Kumparan Logo

Manfaat Ajak Balita ke Pantai seperti yang Dilakukan Raditya Dika

kumparanMOMverified-green

·waktu baca 3 menit

comment
0
sosmed-whatsapp-white
copy-circle
more-vertical
Raditya Dika Beri Kado Saham ke Anaknya. Foto: Instagram/@raditya_dika
zoom-in-whitePerbesar
Raditya Dika Beri Kado Saham ke Anaknya. Foto: Instagram/@raditya_dika

Suara deburan ombak yang menenangkan dan angin yang sejuk membuat suasana di pantai disukai banyak orang, termasuk anak balita. Tak heran, apabila pantai kerap menjadi salah satu tujuan wisata favorit beberapa keluarga.

Hal itu pula yang dilakukan keluarga selebriti, Raditya Dika baru-baru ini. Pada unggahan di laman Instagram pribadinya, ayah dua anak ini mengunggah momen saat mengajak buah hatinya berkunjung ke pantai.

instagram embed

“Balita Jaksel pertama kali ke pantai,” tulis Raditya Dika dalam keterangannya.

Ya Moms, rupanya ini adalah pertama kalinya Raditya Dika mengajak anak pertamanya yang masih balita, Alea, berwisata ke pantai.

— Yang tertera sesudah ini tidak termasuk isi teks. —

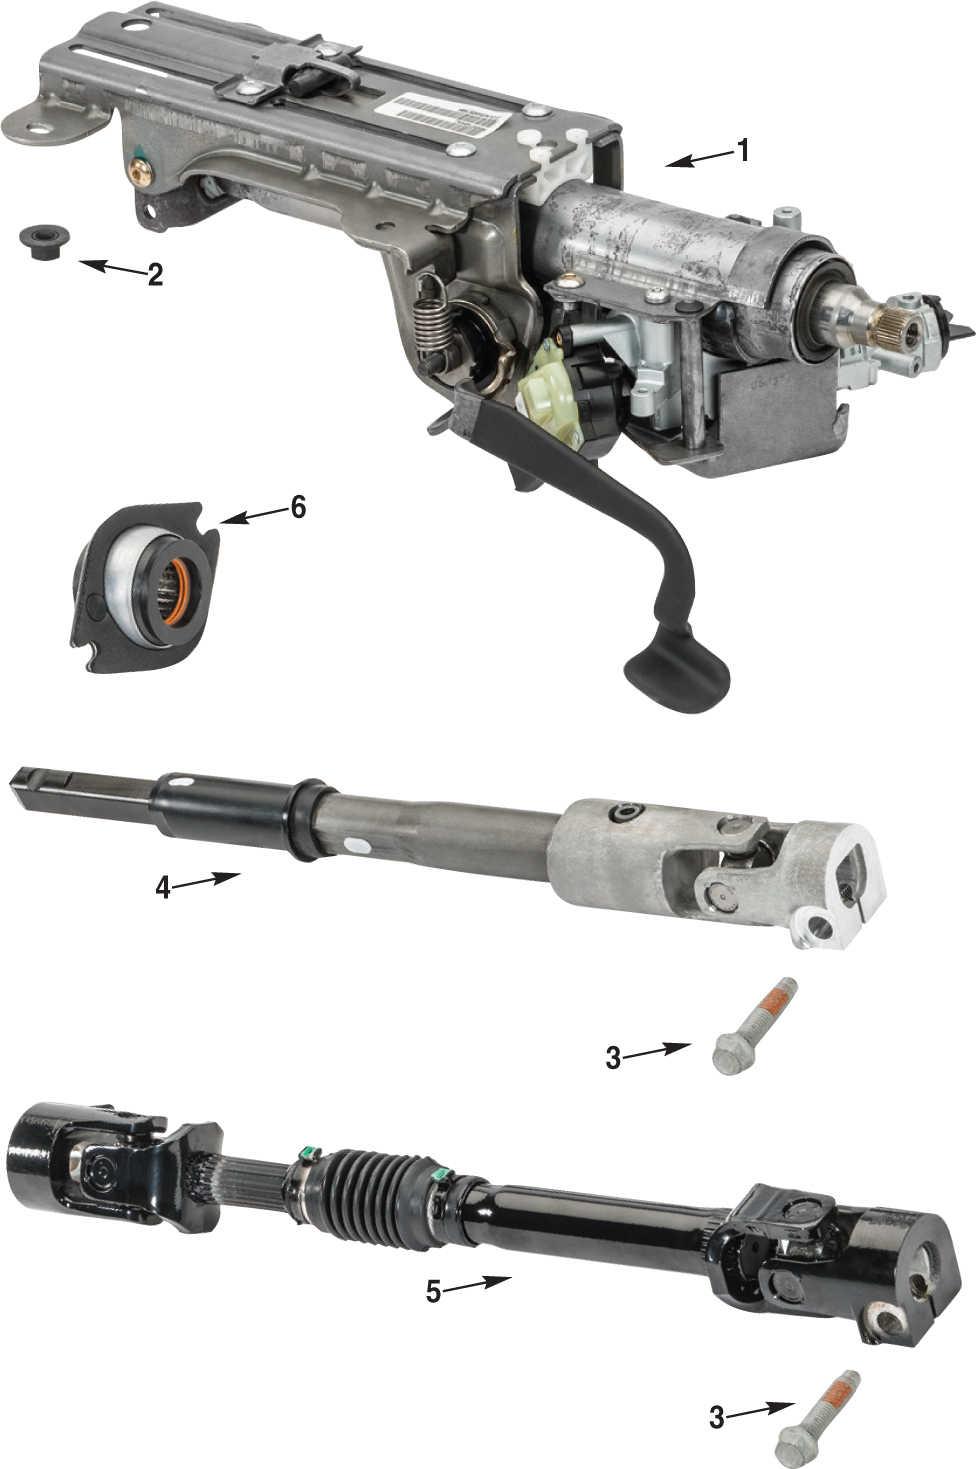 small resolution of jk wrangler steering column wiring diagram jk free 1990 jeep cherokee steering column wiring diagram 1990
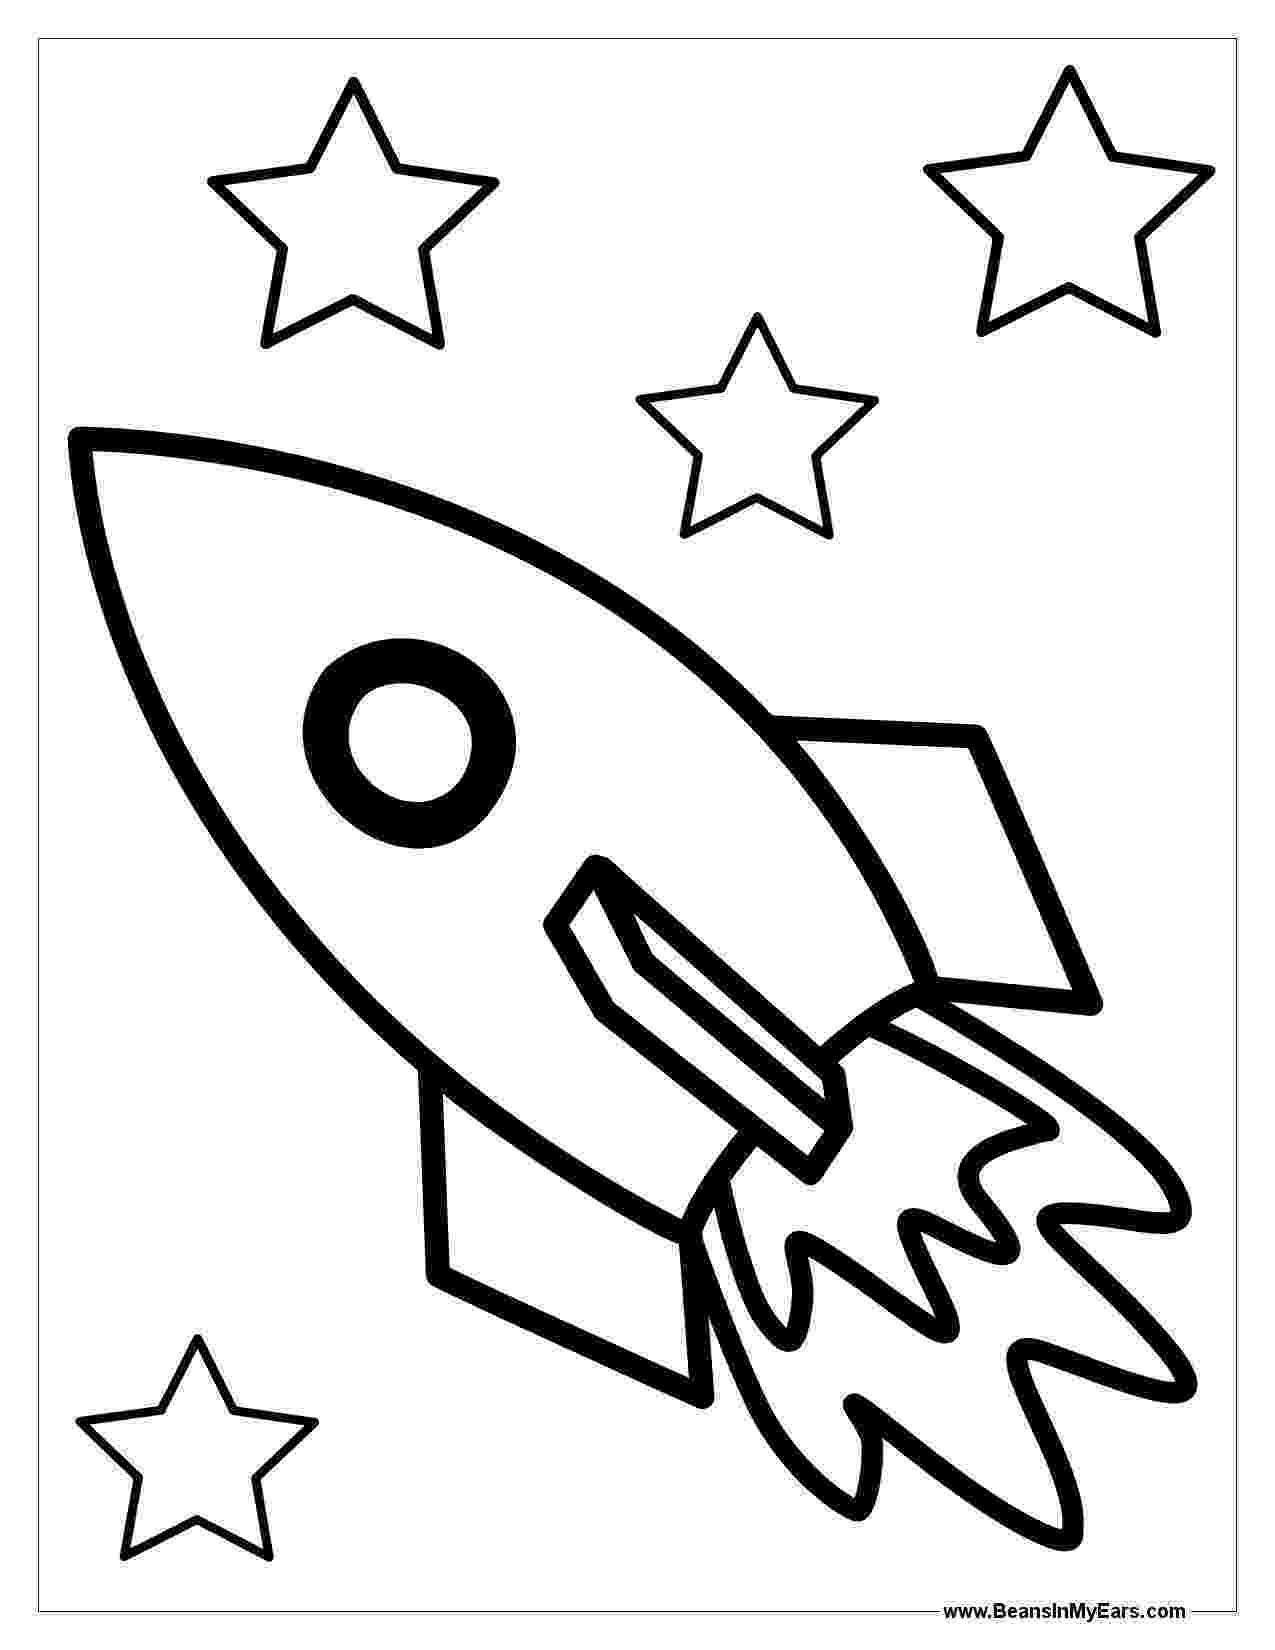 rocket ship coloring page rocket ship entering space coloring page download ship rocket coloring page

Dalam foto tersebut, terlihat Dika sedang berpose dengan Alea menghadap ke laut. Sepertinya suasana di sana sangat sejuk karena rambut dan baju Alea tampak beterbangan terbawa angin.

Berwisata ke pantai memang menjadi aktivitas yang menyenangkan bagi keluarga. Ini juga bisa menjadi momen untuk membangun waktu berkualitas antara orang tua dan anak. Selain itu, mengajak anak balita ke pantai juga memiliki beberapa manfaat seperti berikut ini, Moms.

Manfaat Ajak Anak Balita ke Pantai yang Perlu Diketahui

1. Suara laut menenangkan anak

Ilustrasi anak balita di pantai. Foto: Shutterstock

Terapis okupasi pediatri di New York City, Lindsey Biel mengatakan bahwa suara irama ombak adalah salah satu fitur sensorik yang bermanfaat bagi perkembangan anak.

“Suara air ombak dapat memberikan efek meditasi pada otak, sehingga memberikan ketenangan pada tubuh dan pikiran anak. Sensasi ini juga tidak dapat didapatkan anak di tempat lain,” kata Lindsey seperti dikutip dari Romper.

2. Meningkatkan kesadaran tubuh

Menurut Lindsey, ada sensasi tubuh yang unik saat anak duduk, berbaring, berjalan atau berlari di permukaan pasir pantai yang tidak stabil. Melakukan hal tersebut di atas pasir membantu anak untuk mengembangkan kesadaran tubuh dan mendapatkan keseimbangan melalui gerakan vestibular.

3. Membangun keterampilan berpikir

Ilustrasi ibu dan anak main di pantai. Foto: Shutter Stock

Membiarkan anak bermain air laut dan pasir dengan pengawasan bermanfaat untuk meningkatkan eksplorasi si kecil. Menurut Pathways, anak balita akan belajar bagaimana gerakan air datang dan pergi menyapu pasir, bagaimana menuangkan dan menyendok pasir ke dengan sekop ke dalam ember dan tentu saja kebiasaan umum membuat istana pasir di pinggir pantai. Semua aktivitas ini baik untuk mendukung keterampilan berpikir anak, Moms.

4. Stimulasi sensorik

Menguti Baby Gaga, indra taktil --yang memberikan informasi melalui sentuhan, tekanan, suhu dan rasa sakit ke tubuh akan dirangsang melalui permainan pasir dan air yang dilakukan anak balita. Si kecil akan menikmati sensasi pasir dan air di antara jari-jari kakinya yang belum pernah dirasakan sebelumnya. Ini sangat baik untuk mendukung perkembangan sensorik anak.

5. Meningkatkan kemampuan motorik

Ilustrasi dua anak perempuan bermain pasir Foto: Pixabay

Saat berada di area luas seperti pantai, anak mungkin tidak bisa menahan dirinya untuk berkeliling dengan berlarian ke berbagai arah. Tak perlu khawatir si kecil akan kelelahan, karena aktivitas ini justru akan membantu meningkatkan kemampuan motoriknya, Moms. Kaki balita akan semakin lincah, tangannya yang berusaha menggenggam pasir akan semakin kuat dan otot-otot di tubuhnya pun akan bertumbuh dengan baik sehingga membuat tubuh si kecil lebih kuat, Moms.